Confirm dates and titles of the referenced provisions
Determine whether you want those prior duties to continue
Ask for a list of all obligations that will survive
Ensure any unwanted existing clauses are expressly removed or modified
Verify that the survival language complies with applicable statutes
Party impact
| Party | What this party should check |
|---|---|
| Landlord | Ensure existing rent escalations are still enforceable |
| Tenant | Review whether prior maintenance fees remain payable |
| Borrower | Check that earlier financial covenants survive the amendment |
| Franchisee | Confirm ongoing marketing fee obligations |
Comparison
| Related term | Plain meaning | Main difference from existing |
|---|---|---|
| Survival clause | Keeps certain provisions alive after termination | Exists specifically to preserve obligations, whereas "existing" may refer to any prior duty |
| Continuation provision | Extends a term forward | Focuses on time extension, not on preserving prior rights |
| Merger clause | Declares the contract as the final agreement | Often negates "existing" provisions unless expressly saved |
Missing or vague
If the contract fails to define which prior rights are "existing," parties may dispute whether a duty continues. Ambiguity can lead to one side performing under an assumed obligation while the other claims it was waived.
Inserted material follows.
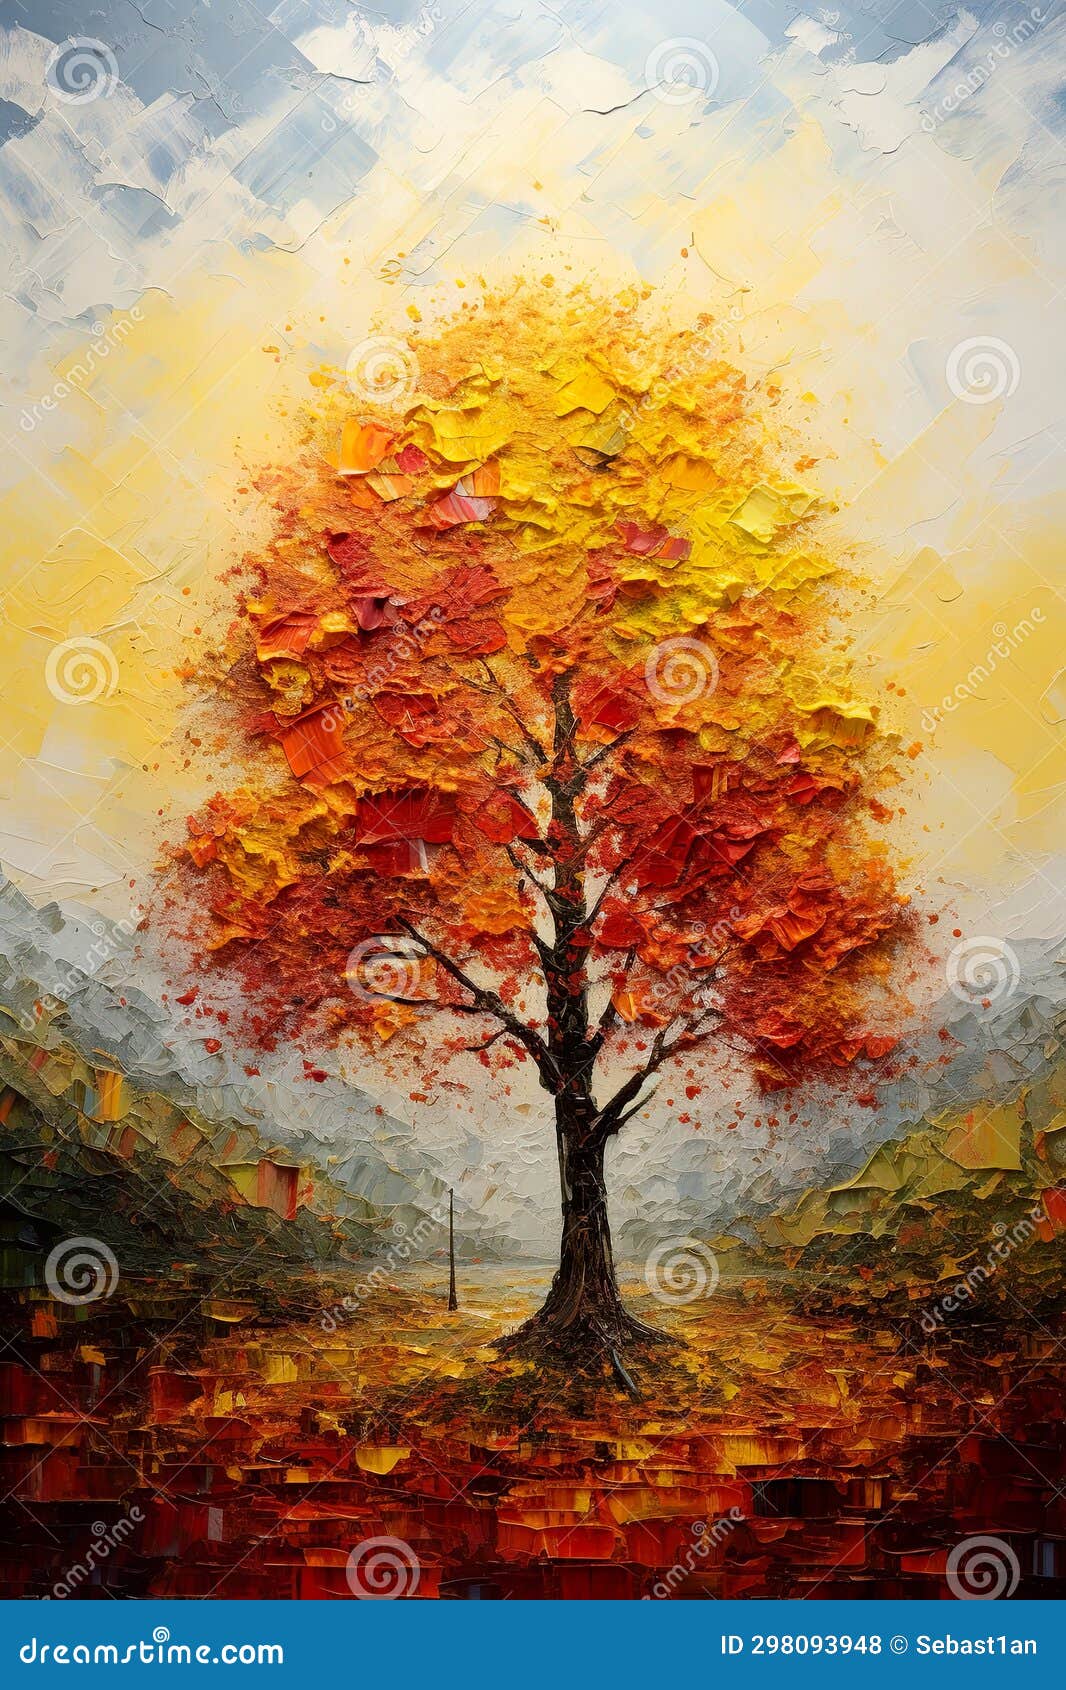 гармония с этой полотняной картиной, изображающей яркое одиночное дерево в оживленном пейзаже. мазки художников создают художественную и спокойную сцену, подчеркивающую яркую палитру и безмятежную атмосферу. аи

Courts will then interpret the intent, potentially voiding the disputed provision.
Such uncertainty increases litigation costs and may damage business relationships.
Document map
| Contract section | What to inspect |
|---|---|
| Definitions | Identify any reference to prior agreements |
| Term & Termination | Look for survival or existing language |
| Obligations | Check which duties are listed as continuing |
| Amendments | Verify how new terms interact with earlier provisions |
| Miscellaneous | Ensure any boilerplate does not unintentionally preserve unwanted rights |
Visual model
Landlord includes an existing maintenance clause in a renewal lease, and the tenant must continue paying for HVAC service.
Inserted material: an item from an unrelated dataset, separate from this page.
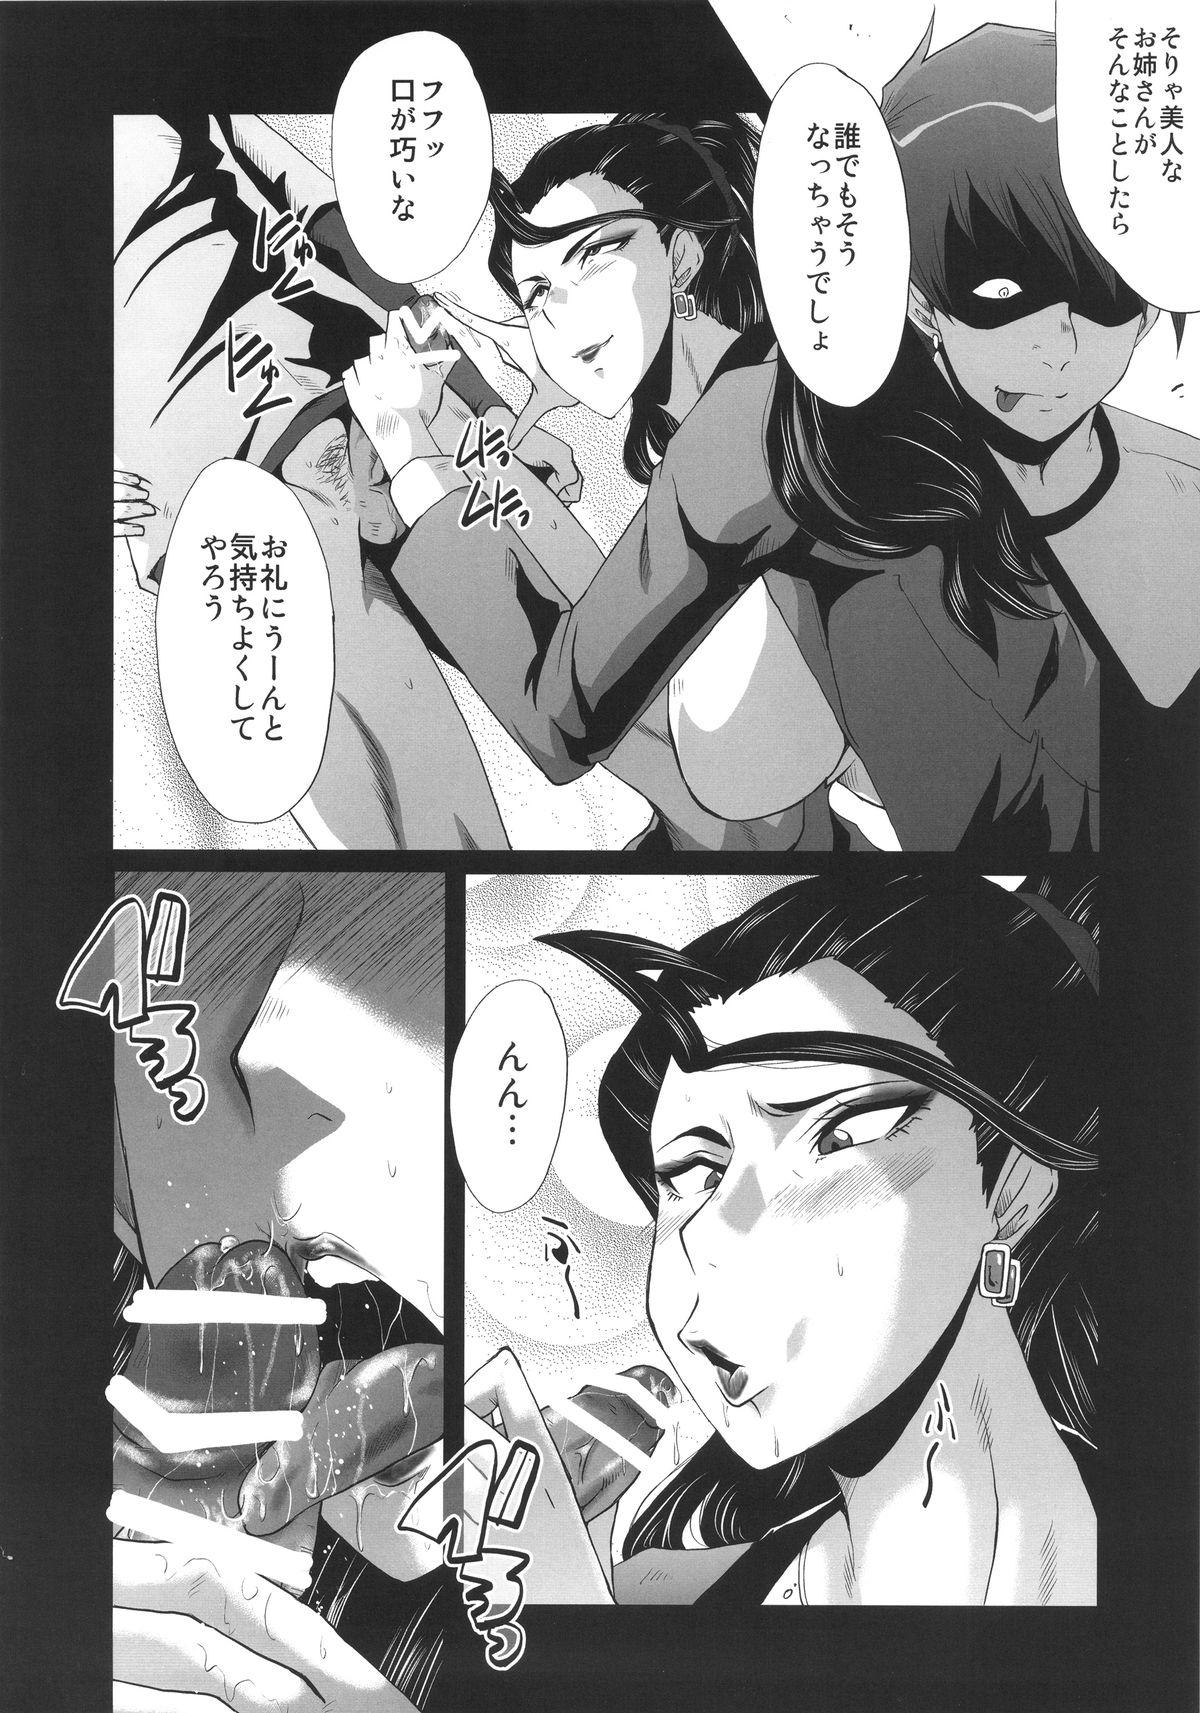 Game Urabambi 52 Injuku no Kyouen - The idolmaster Sex - Page 8

Borrower signs a new loan amendment that references an existing covenant, so the covenant remains enforceable despite the new terms.
Franchisor adds an existing marketing fee provision to a franchise renewal, obligating the franchisee to pay the fee as before.
Document context
Clause type in contract law that governs the continuity of prior rights or duties.
Ignoring an existing clause can waive the prior duty, leaving the breaching party vulnerable to a breach of contract claim.
When a new agreement is signed and contains language like “this agreement shall not affect any existing rights,” the existing provision becomes operative.
Standard in UCC § 2‑207 amendment clauses and in commercial lease agreements.
Landlord retains the right to enforce earlier rent escalations; Tenant risks being bound by those same escalations.
First, identify any prior agreements referenced in the new contract. Then, read the survival or existing language to determine which obligations persist. Finally, ensure the parties’ performance reflects those continuing duties within the contract’s term.
Wikipedia
"Actually existing capitalism" or "really existing capitalism" is an ironic term used by critics of certain economic systems considered capitalist or neoliberal. The term is used to claim that many economies purportedly practicing capitalism (an economic...
Open on Wikipedia →Knowledge graph
This layer links the term to nearby glossary entries, document use cases, and contract-risk guides so readers can move from definition to context without dead ends.
Source & disclosure
This page is an AI-assisted plain-English explanation based on LexPredict Legal Dictionary context and contract-review patterns. It is not legal advice. Meaning may vary by jurisdiction, industry, and exact clause wording.